Meneroka Jejak Sejarah Kuliner Indonesia

Buku "Riwayat Kuliner Indonesia" karya Badiatul Muchlisin Asti diterbitkan CV. Hanum Publisher, 2022.

Harus diakui, Indonesia memiliki khazanah kuliner Indonesia yang sangat kaya dan beragam. Setiap daerah, dari Sabang sampai Merauke, memiliki kekayaan kuliner khasnya masing-masing, yang tercipta dari olah pangan lokal, juga berasal dari tradisi dan budaya yang berkembang di masyarakat setempat.

Seiring dengan kedatangan orang-orang Tionghoa, Eropa, Arab, India, dan lainnya ke Indonesia—dengan  berbagai kepentingan, menimbulkan persinggungan budaya, termasuk budaya kuliner, yang makin memperkaya khazanah kuliner Indonesia.

Tak sedikit, bahkan sangat banyak, kuliner yang sekarang populer sebagai makanan khas Indonesia, namun sejatinya, entitasnya berasal dari kuliner bangsa lain. Kuliner-kuliner itu tercipta setelah berakulturasi dengan tradisi kuliner lokal, seperti bakso, bakpia, bakmi, soto, sup, dan lain sebagainya.

Dalam konteks itu, buku berjudul “Riwayat Kuliner Indonesia: Asal-usul, Tokoh, Inspirasi, dan Filosofi” (terbit tahun 2022 oleh CV. Hanum Publisher) karya Badiatul Muchlisin Asti ini sangat menarik dan kontekstual untuk dibaca dan disimak karena di dalamnya mengupas jejak sejarah sejumlah kuliner ikonik Indonesia.
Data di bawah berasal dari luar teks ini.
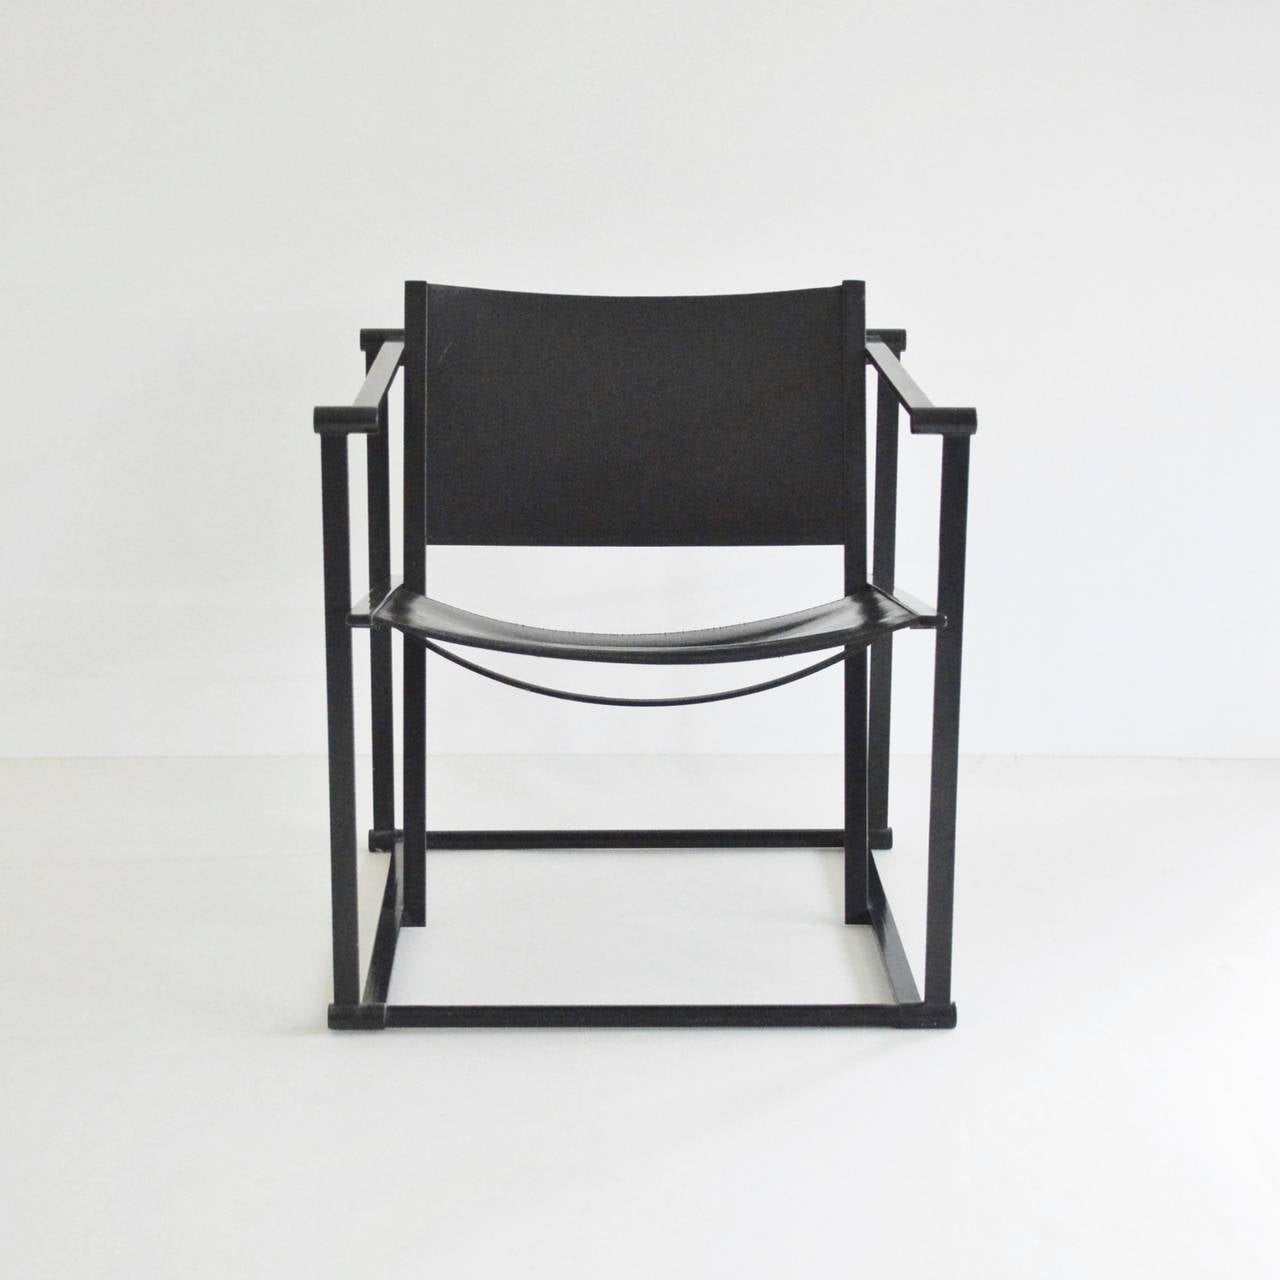 Dutch Radboud Van Beekum FM62 Cube Chair in Black Leather

Ada 80 kuliner ikonik Indonesia yang dikupas di buku ini seperti rendang (Minang), pempek (Palembang), nasi kebuli (Betawi), seblak (Bandung), nasi lengko (Cirebon), gudeg (Jogjakarta), soto bangkong (Semarang), nasi pindang (Kudus), se’i (NTT), nasi krawu (Gresik), sate buntel (Solo), dan banyak lagi.

Setiap kuliner dibahas riwayatnya, terutama asal-usulnya. Tidak hanya menjejaki “genealogi” (asal-usul), namun juga mengulas tokoh atau sosok yang pertama kali meng-create—atau setidaknya memperkenalkan dan atau memelopori sebuah kuliner, sehingga dapat eksis dan bisa dinikmati masyarakat hingga saat ini. Kuliner-kuliner itu telah terbukti “berhasil” melintasi zaman, diwariskan dari generasi ke generasi, hingga nama sang tokoh pun dikenang sebagai legenda di bidang kuliner.
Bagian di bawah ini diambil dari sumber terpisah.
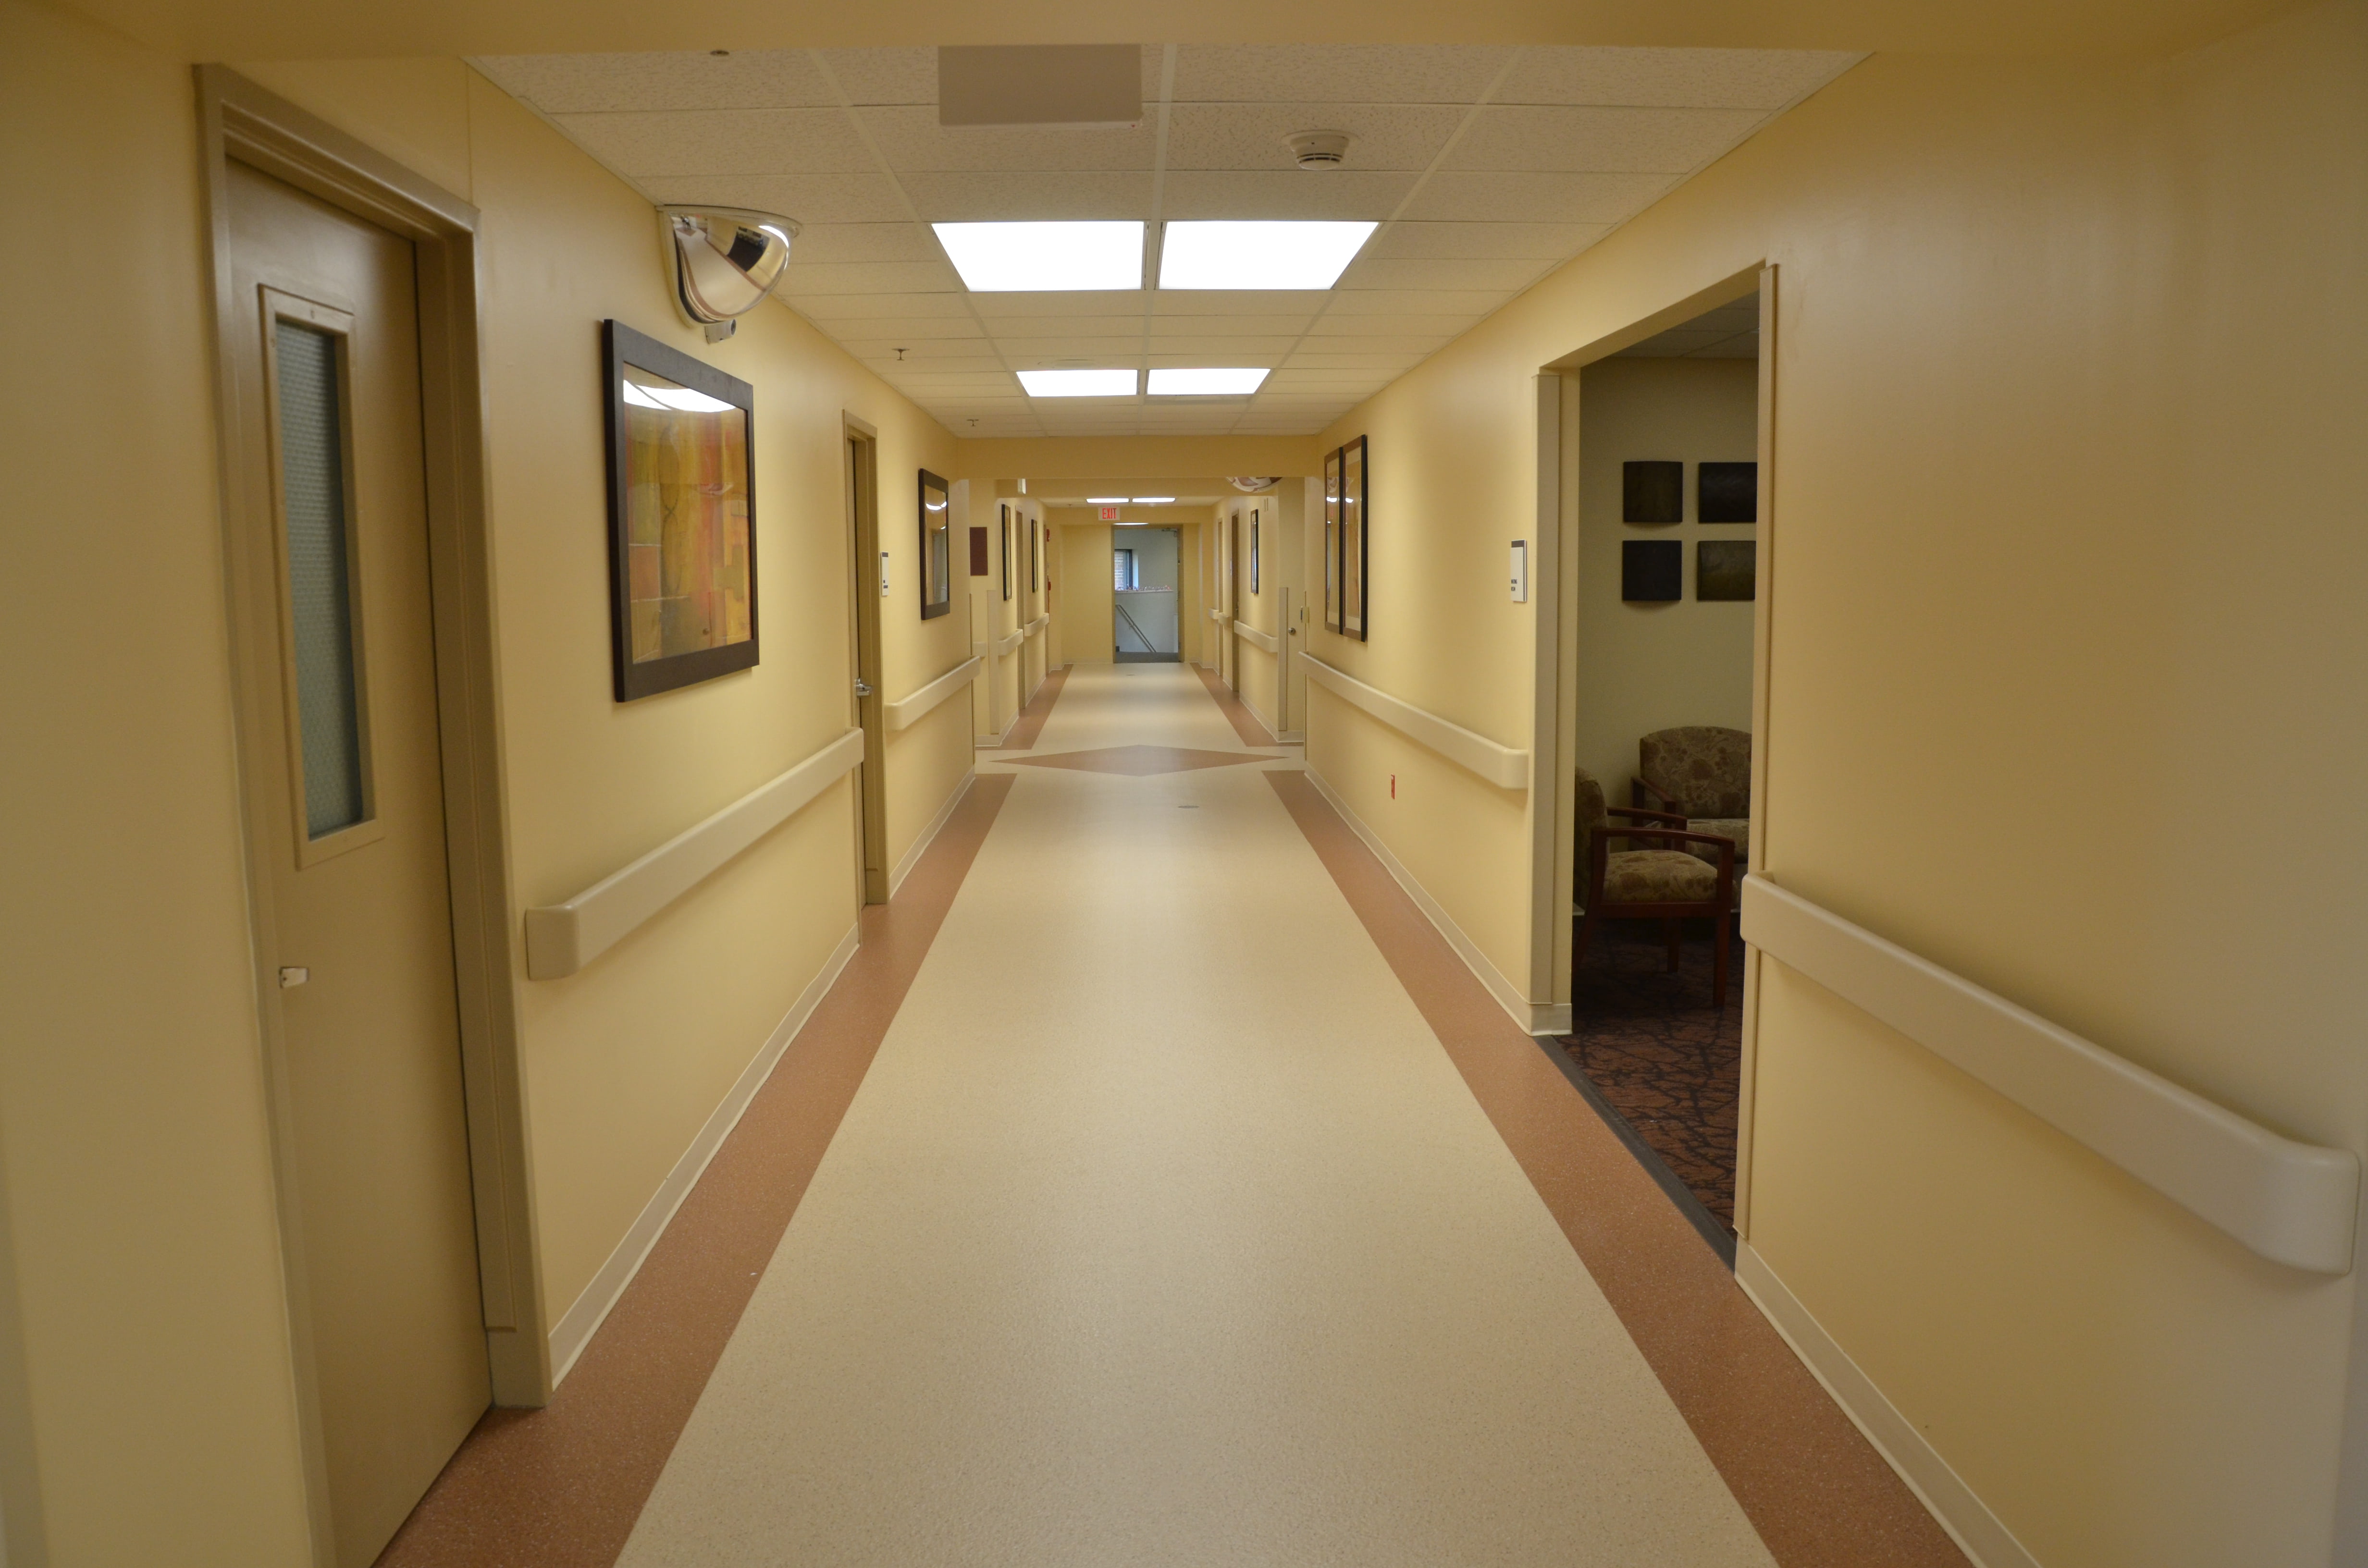 Ministry Flambeau Hospital Emergency Department hallway

Perjalanan seorang tokoh dalam memelopori sebuah kuliner seringkali menghadapi banyak halangan, pahit-getir, dan suka-duka, yang rangkaian kisah perjalanan itu sarat inspirasi yang bisa menjadi sumber keteladanan bagi pembaca. Misanya terkait dengan kerja keras, ketekunan, kegigihan, semangat pantang menyerah, dan lain sebagainya.

Sebagai contoh, buku ini mengulas tentang riwayat soto bangkong—salah satu soto populer dan legendaris di kota Semarang. Soto ini dirintis oleh Haji Soleh Soekarno sejak tahun 1950. Soleh Soekarno sendiri berasal dari keluarga miskin di Sukoharjo.

Ia merantau ke Semarang merintis soto yang kelak populer dengan nama Soto Bangkong tahun 1949. Sebelumnya sempat bergonta-ganti pekerjaan sebagai pedagang keliling, seperti berjualan bolang-baling, berjualan es, berjualan tempe, berjualan gaplek, bahkan berjualan soto seperti ayahnya.

Namun rupanya “nasib baik” belum berpihak kepadanya. Bahkan ia sempat mengalami kondisi terpuruk, kondisi keluarganya sakit-sakitan, dengan kehidupan ekonomi tidak menentu. Namun, ia tetap sabar dan optimis. Tahun 1950, atas sebuah “bisikan”,  ia merantau ke Semarang dengan berjalan kaki, lalu ikut bekerja di warung soto milik kenalan ayahnya.

Tak lama kemudian, ia memutuskan untuk berjualan soto sendiri dengan memikul angkring keliling kota Semarang. Tak butuh waktu lama, usahanya berkembang. Bertahun kemudian ia dapat membeli tanah dan membangun rumah yang kemudian menjadi pusat sotonya hingga saat ini. Saat Soleh Soekarno meninggal dunia pada Maret 2017 lalu, masyarakat Semarang mengenangnya sebagai tokoh kuliner Semarang dan pendiri Soto Bangkong yang sangat legendaris.

Selain Soleh Soekarno dengan soto bangkongnya  yang sangat inspiratif, buku ini juga “merekam” kisah-kisah inspiratif tokoh kuliner lainnya seperti Haji Slamet Raharjo dengan Bebek Goreng Haji Slamet-nya yang kawenter, Haji Sanpirngad yang disebut-sebut sebagai kreator pertama getuk goreng yang populer sebagai oleh-oleh khas Banyumas, Kong Giring pelopor swike yang tersohor sebagai kuliner khas Purwodadi, Auw Liek Nio yang membuat roti kecik sebagai oleh-oleh legendaris khas Solo, Mbah Ambyah sebagai kreator pertama sate klatak khas Jogjakarta, dan tokoh-tokoh kuliner lainnya.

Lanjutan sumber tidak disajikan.